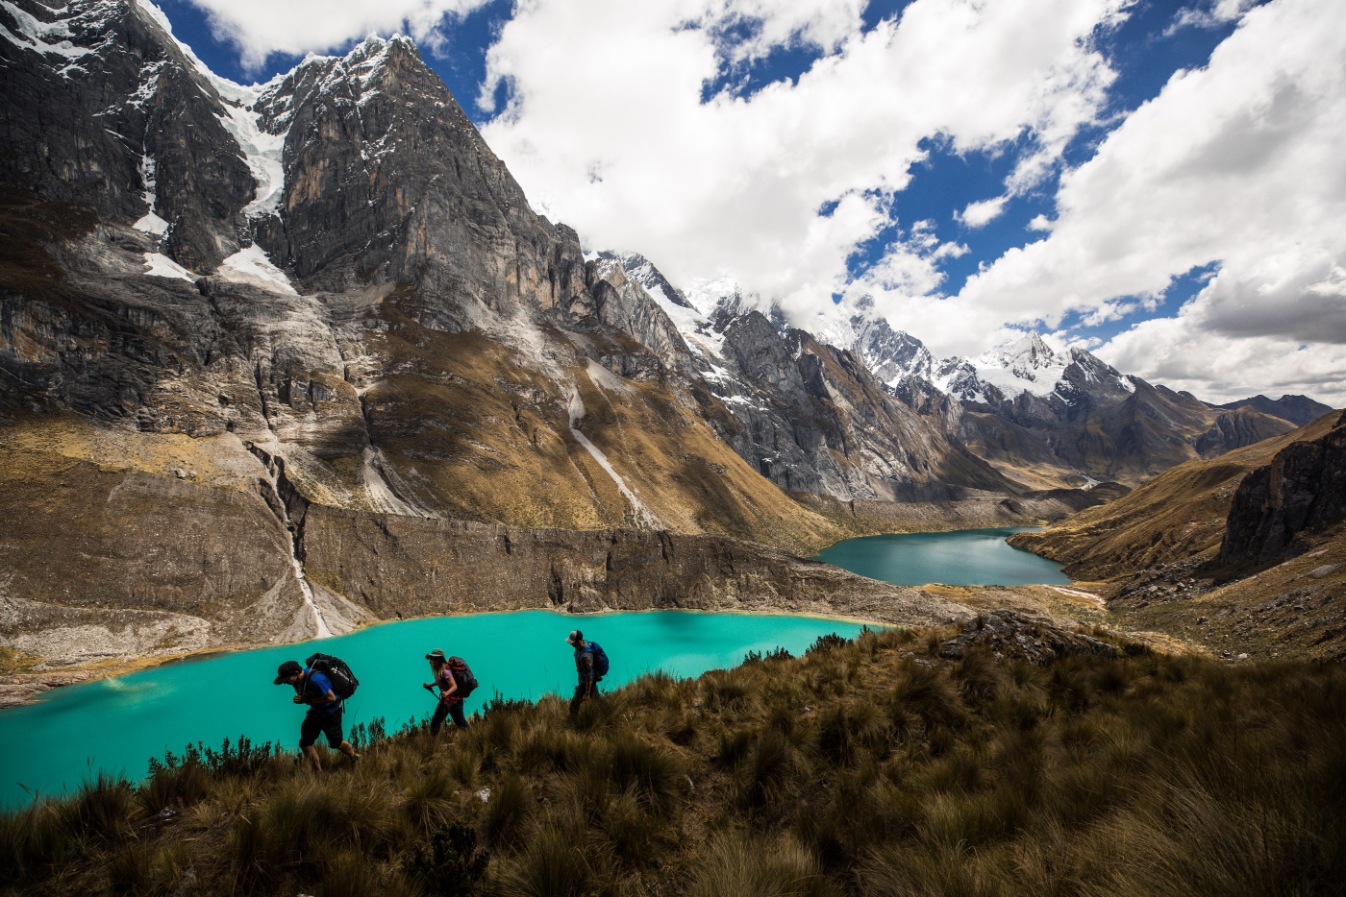 Three hikers on the Cordillera Huayhuash Trek in front of a green lake.
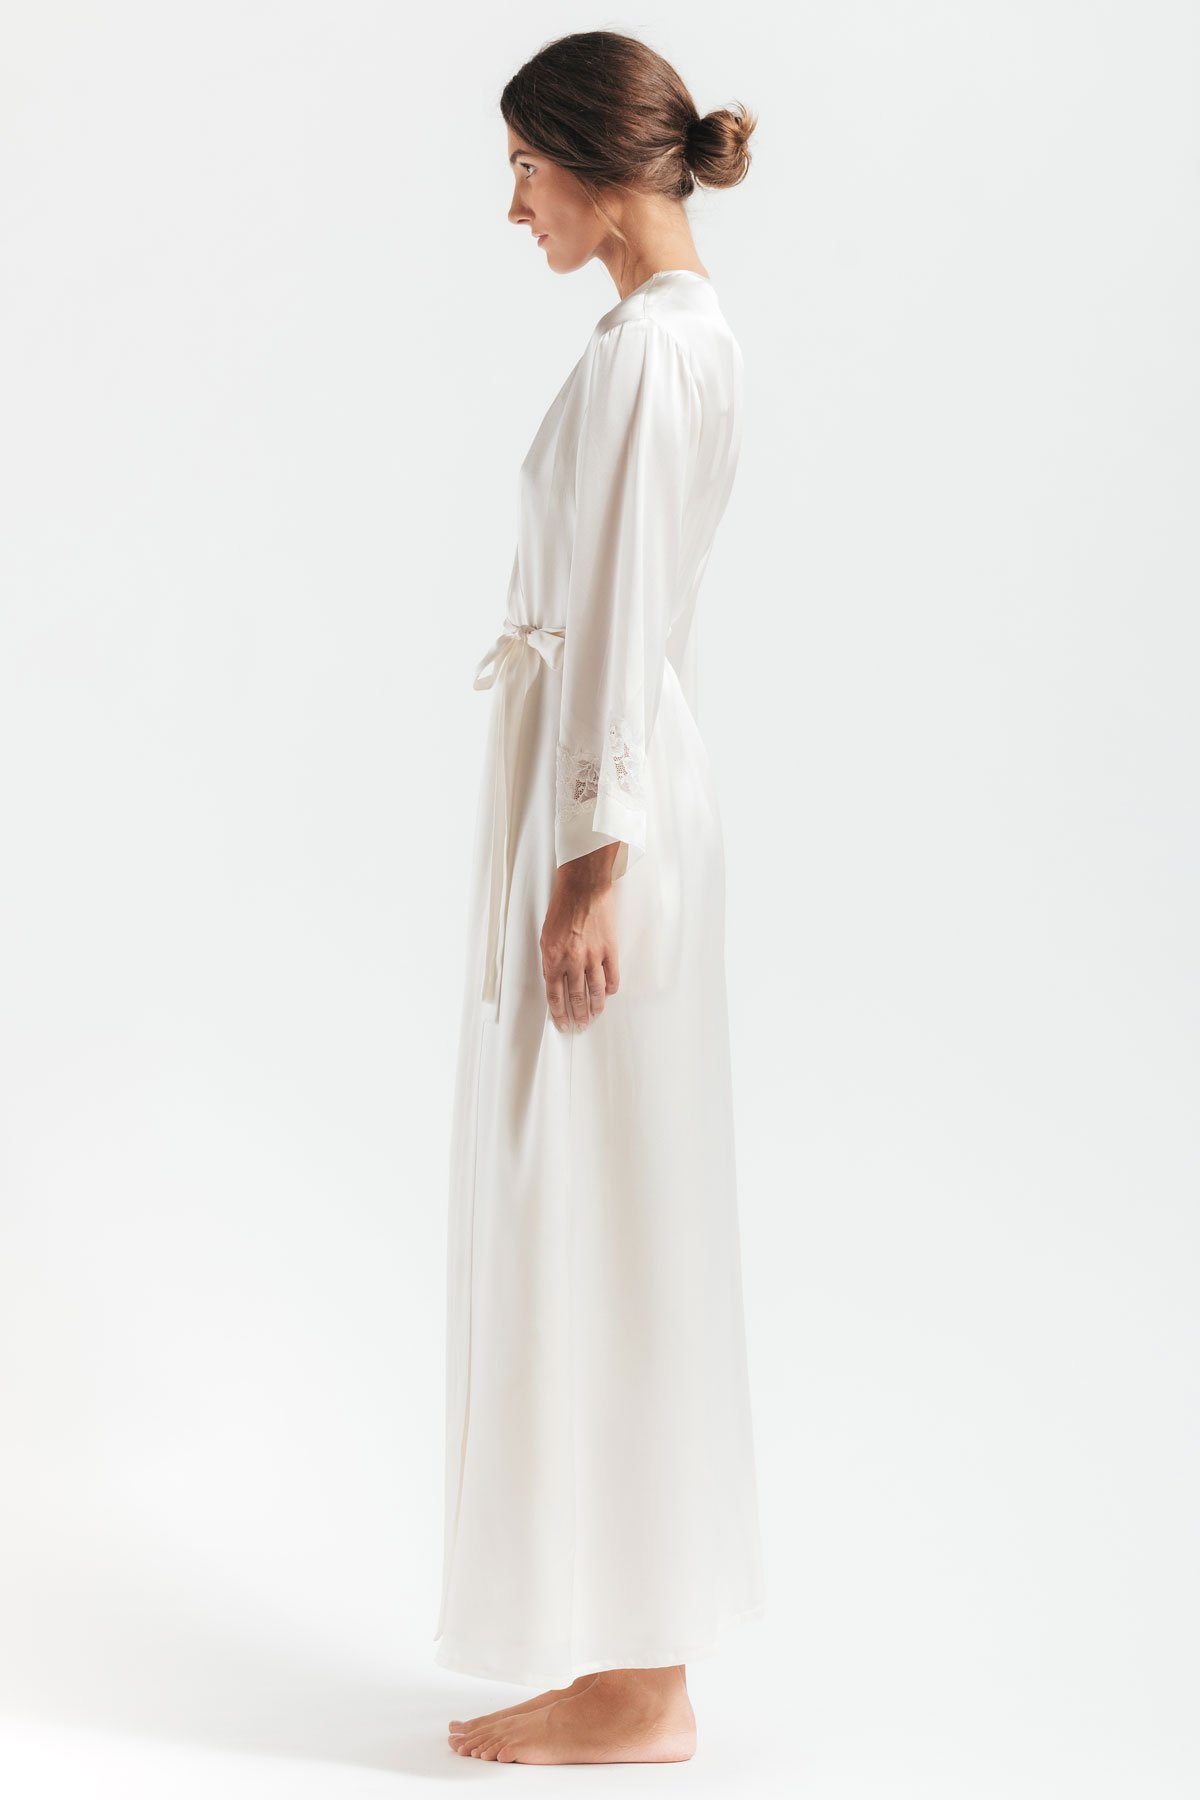 Morgan Long Silk Robe  Available in White, Black or Champagne – NK IMODE
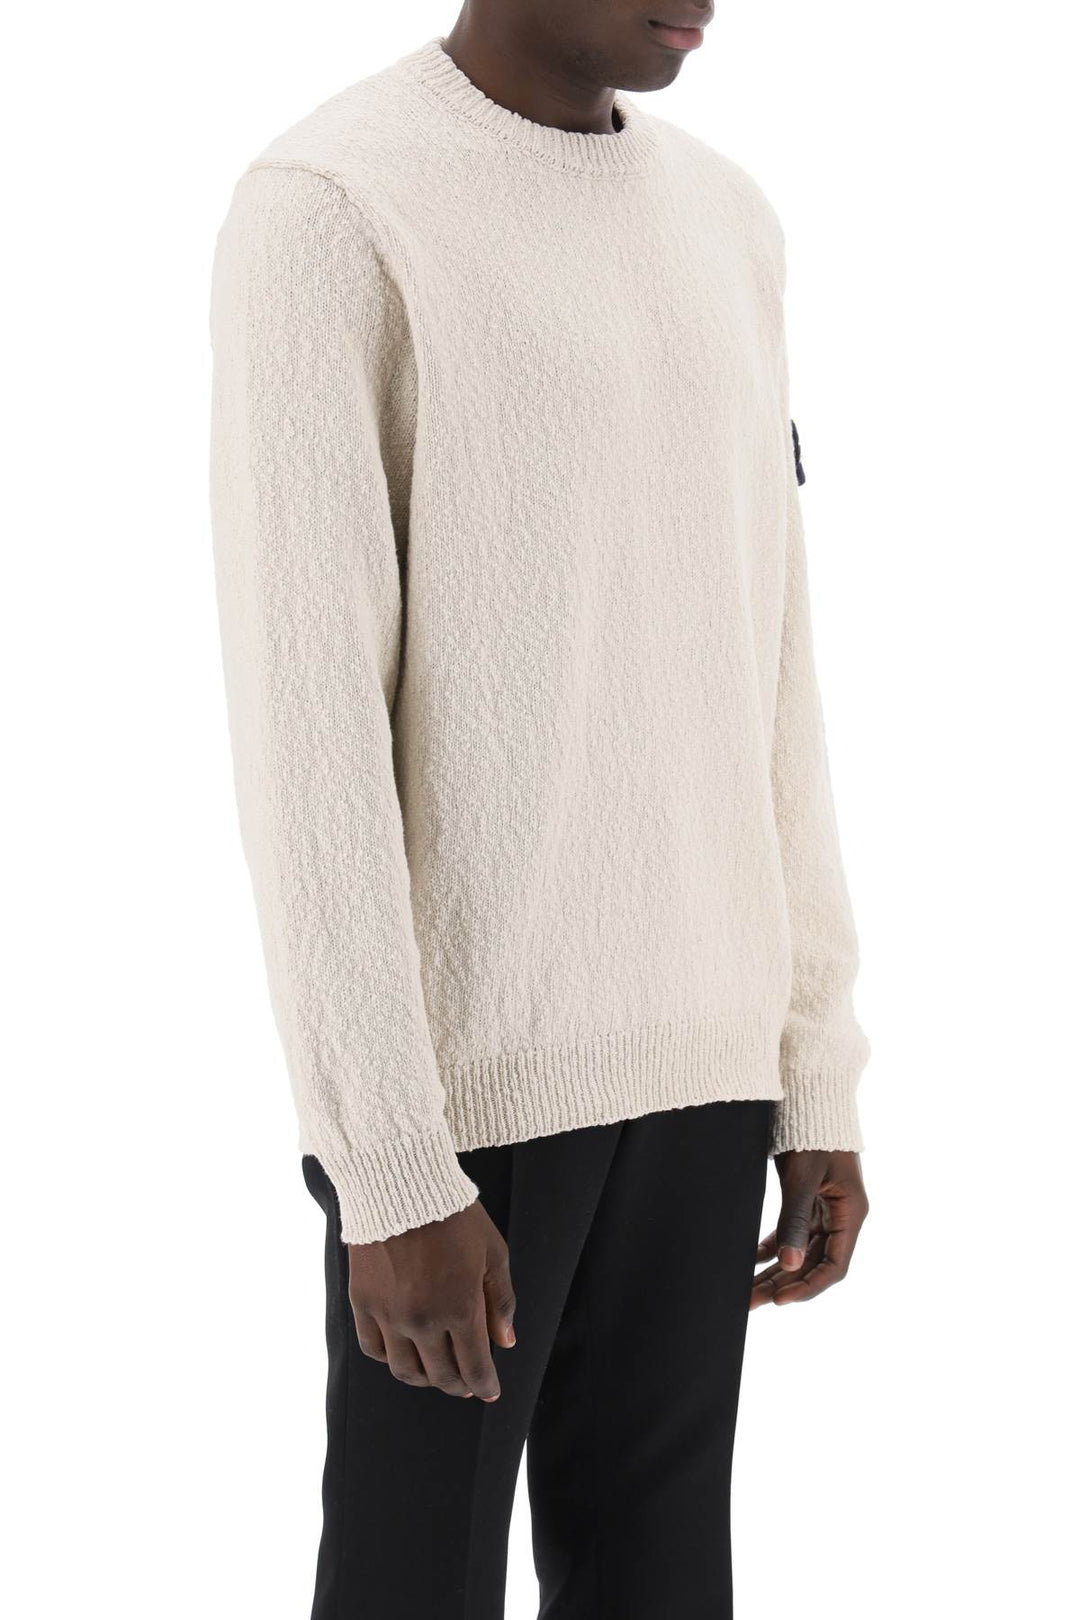 Stone Island Cotton And Linen Blend Pullover   Neutral

*****

ASSIGNED TASK
Could you copy the listing exactly, leaving out any pictures?

EXERCISE RESULT
 Three hikers on the Cordillera Huayhuash Trek in front of a green lake.
 Morgan Long Silk Robe  Available in White, Black or Champagne – NK IMODE
 Stone Island Cotton And Linen Blend Pullover   Neutral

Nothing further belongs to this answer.